Brideshead Revisited is an example of modernist fiction. Although Waugh is critical of modernity, and modern art, the novel makes several references to modernist literature throughout, and uses modernist techniques such as realistic dialogue and a non-linear plot. In its depictions of Europe in the build-up to World War II, Brideshead Revisited is similar to Christopher Isherwood’s novels Mr. Norris Changes Trains and Goodbye to Berlin. Its portrayal of life for the English upper classes before and during a war is like Siegfried Sassoon’s Sherston trilogy which is set before and during World War II. Waugh’s depictions of the upper classes, foreign travel, and alcoholism are reminiscent of novels by F. Scott Fitzgerald, such as The Beautiful and the Damned and Tender is the Night. His distant and reserved narrator is also similar to Fitzgerald’s narrator Nick Carraway in The Great Gatsby. Waugh references, and was clearly influenced by, T. S. Eliot’s modernist poem The Waste Land, which deals with the breakdown of 19th century values and cultural change in the early-20th century. In its themes of nostalgia and regret, Brideshead Revisited is similar to Virginia Woolf’s Mrs. Dalloway. The theme of homoerotic male friendship, such as the implied relationship between Charles and Sebastian, is also explored in novels like Maurice by E. M. Forster, which centers on a homosexual relationship between male college students. Religious allegory is also used in the novel,  reminiscent of C. S. Lewis’s Chronicles of Narnia series, which are also set during World War II and deal with the desire to escape the realities of war. Brideshead Revisited is also similar to Atonement by Ian McEwan, which is set partly in an English country house and partly during World War II.

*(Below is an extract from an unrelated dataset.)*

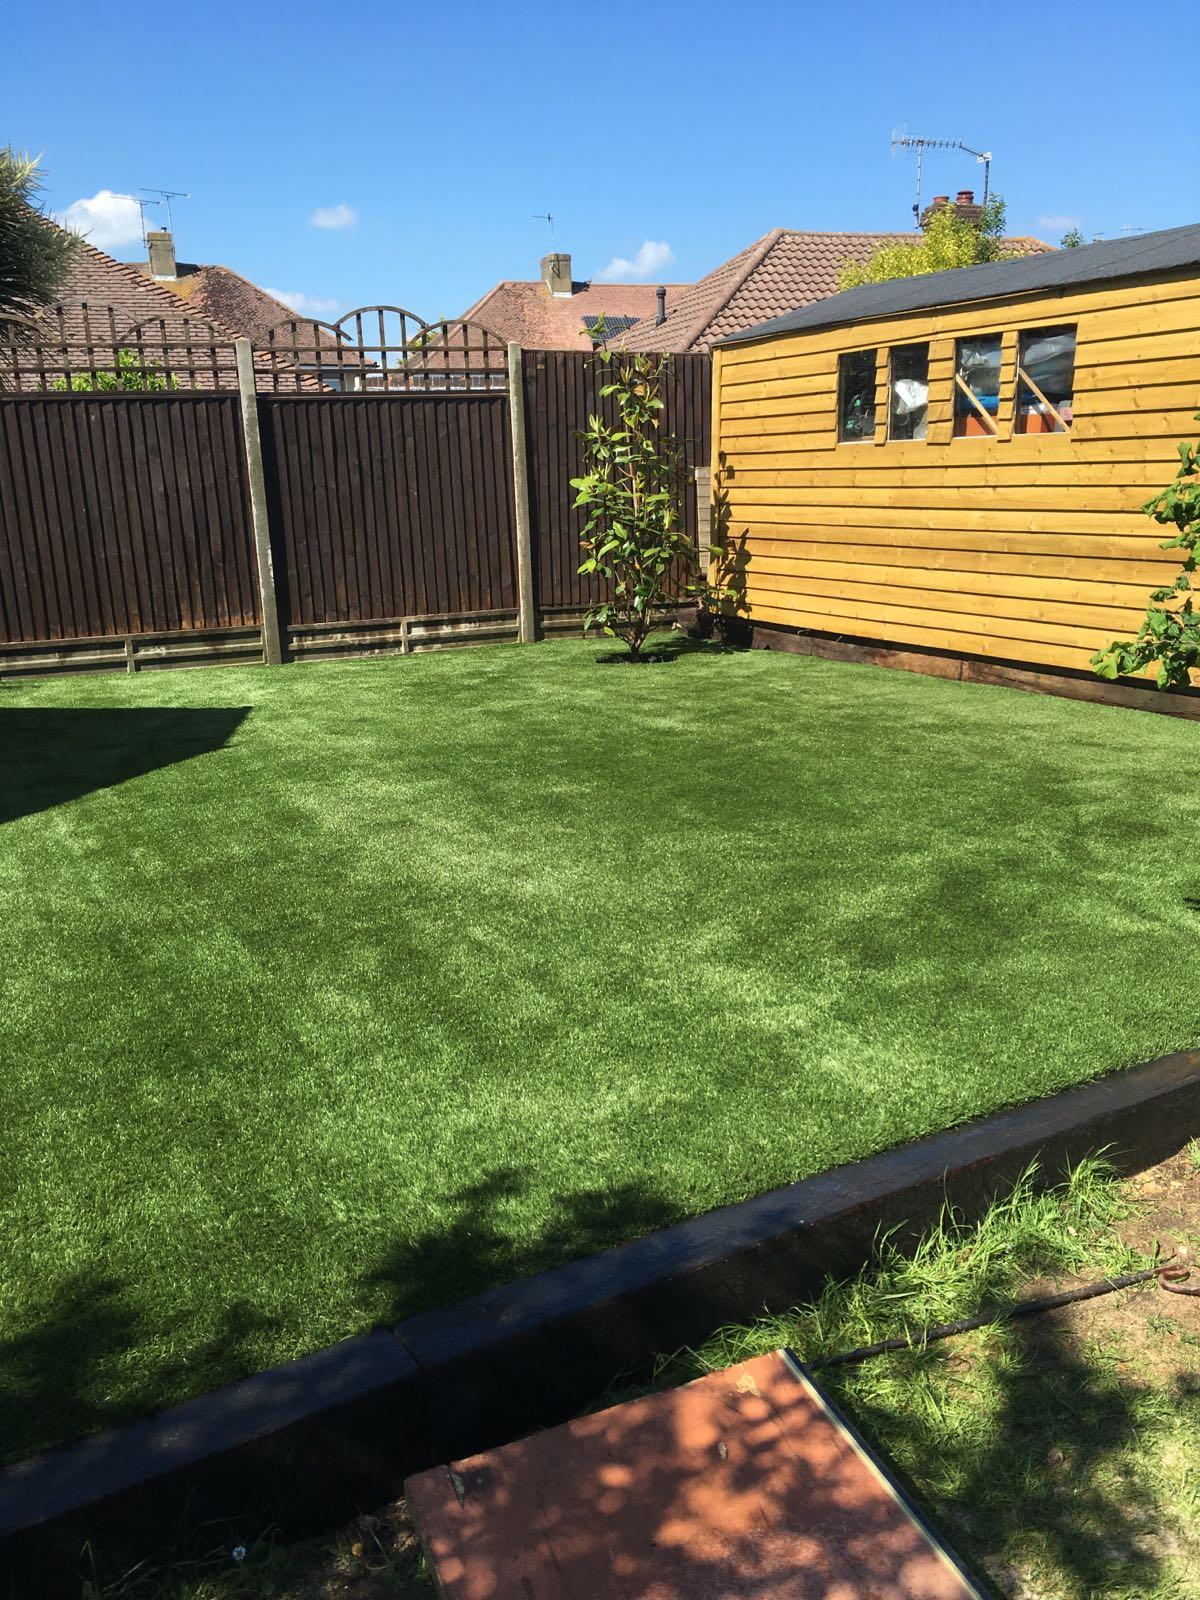 100 put grass in backyard artificial grass for lawns dogs

Key Facts about Brideshead Revisited
  • Full Title: Brideshead Revisited
  • When Written: 1944-1945
  • Where Written: Devon, England
  • When Published: 1945
  • Literary Period: Modernism
  • Genre: Novel
  • Setting: Oxford, England; London, England; the British countryside; various parts of Europe; and Morocco.
  • Climax: Charles Ryder, an agnostic who falls in love with the son of a well-known Catholic family during his youth, returns to this family’s home, Brideshead, during his time as an officer in World War II.

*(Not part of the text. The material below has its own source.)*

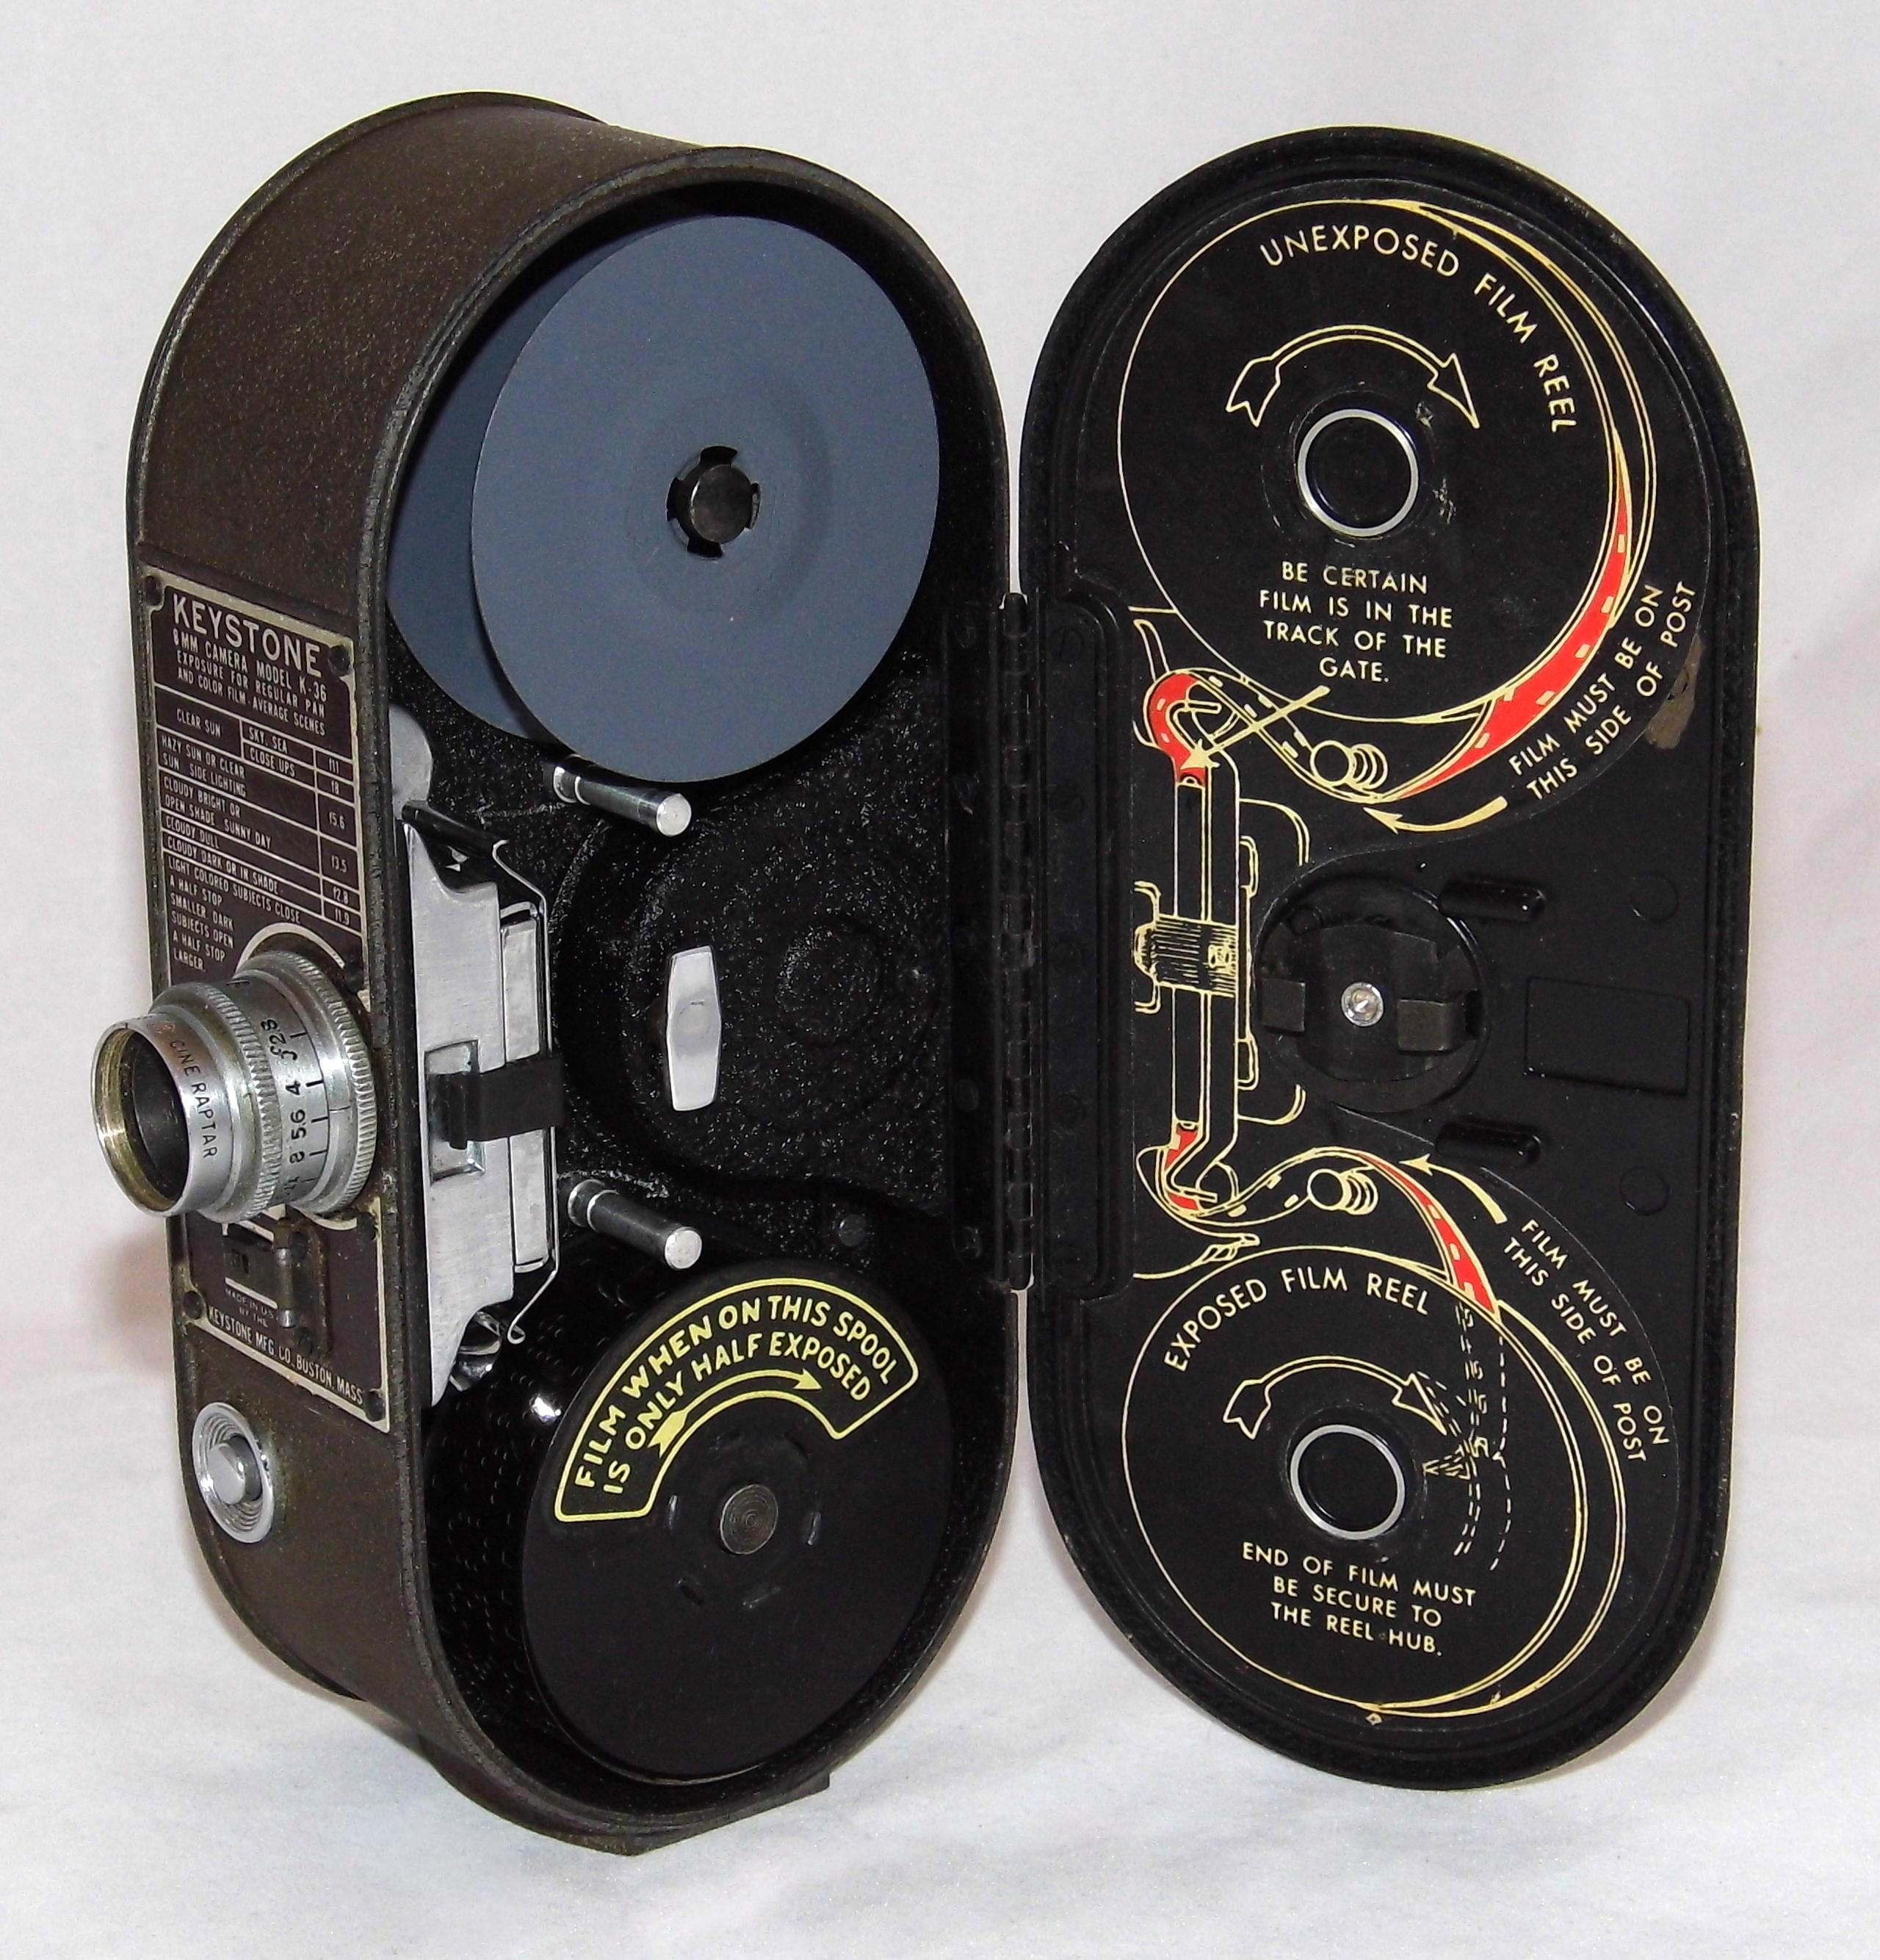 File:Vintage Keystone 8mm Home Movie Camera, Model K-36

  • Point of View: First person

Extra Credit for Brideshead Revisited

Lost Love. In his memoirs, Waugh wrote that the character of Sebastian Flyte in Brideshead Revisited is based on Alistair Graham, who Waugh met at Oxford and with whom he had a long-term relationship. Like Sebastian and Charles in the novel, Alistair and Waugh’s relationship ended when Alistair went abroad. Waugh, like Charles, left Oxford soon after Alistair’s departure.

Sword of Honor. Waugh wrote in more detail about his experiences in World War II in his novel trilogy, Sword of Honor. The trilogy was a critical success and won Waugh a great deal of literary acclaim.